The Apostle Paul obviously felt it matters. He wanted us to explore the immensity of God: ‘I pray that you may have the power to comprehend, with all the saints, what is the breadth and length and height and depth [of God] and to know the love of Christ that surpasses knowledge, so that you may be filled with the fullness of God.’ (3:18-19) That’s what he wrote to Christians in Ephesus a couple thousand years ago. I think it is what he would be writing to us today.

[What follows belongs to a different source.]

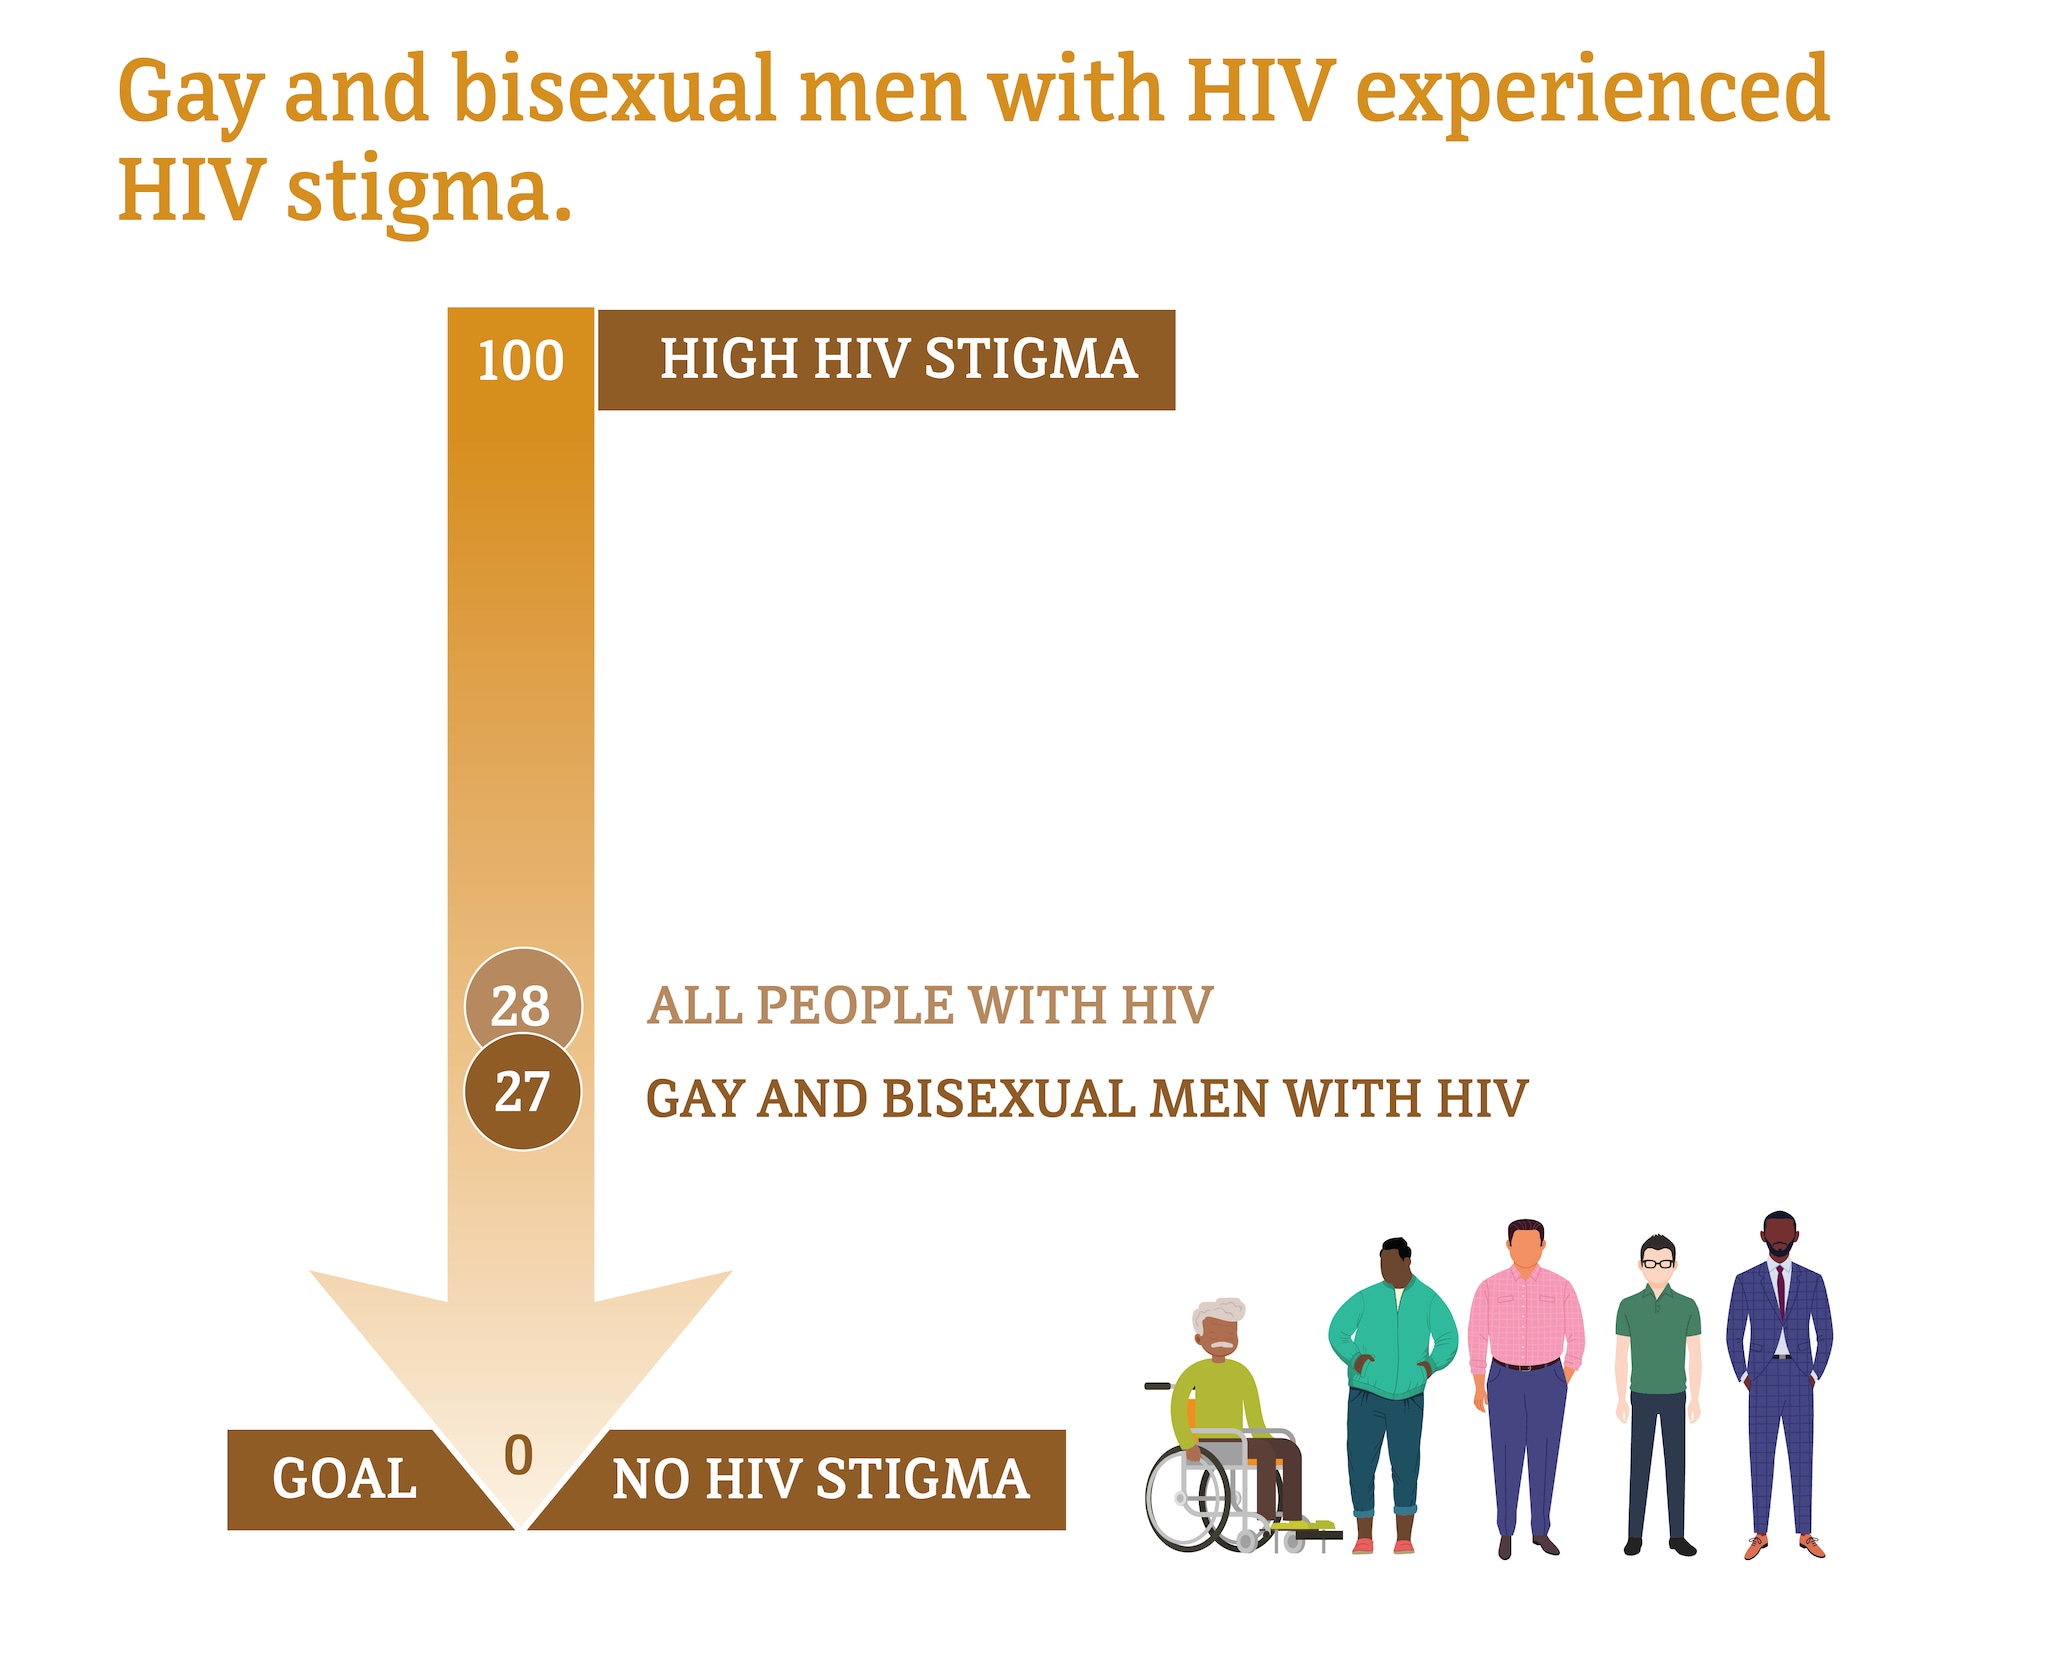 Viral Suppression Hiv And Gay And Bisexual Men Hiv By Group Hiv Aids Cdc

God is immense, and that’s awesome. We depend upon God for our existence – for our life and flourishing – and that matters. Whatever a god is like when you depend on them for your very existence you would not want to get on the wrong side of them. But what’s good news is that God is a relationship sort of God; a God who wants to work with us in this part of creation called planet earth. That demands that we respond by choosing to live well in the world. God is a God who is not remote but reaches out to us, including and particularly in Jesus Christ, and that demands our thanksgiving; our praise; our worship.
What does it mean that God reaches out to us in Jesus Christ?
That’s a subject for another sermon at another time; maybe for a whole series of them!
But for today, for now, let’s be content with answering one question: there is a God; that God is immense, is life-giving, and relationship seeking. And it matters how we respond to that; in how we live in the world, including how we treat each other; responding to God with lives of thanksgiving and praise. Amen.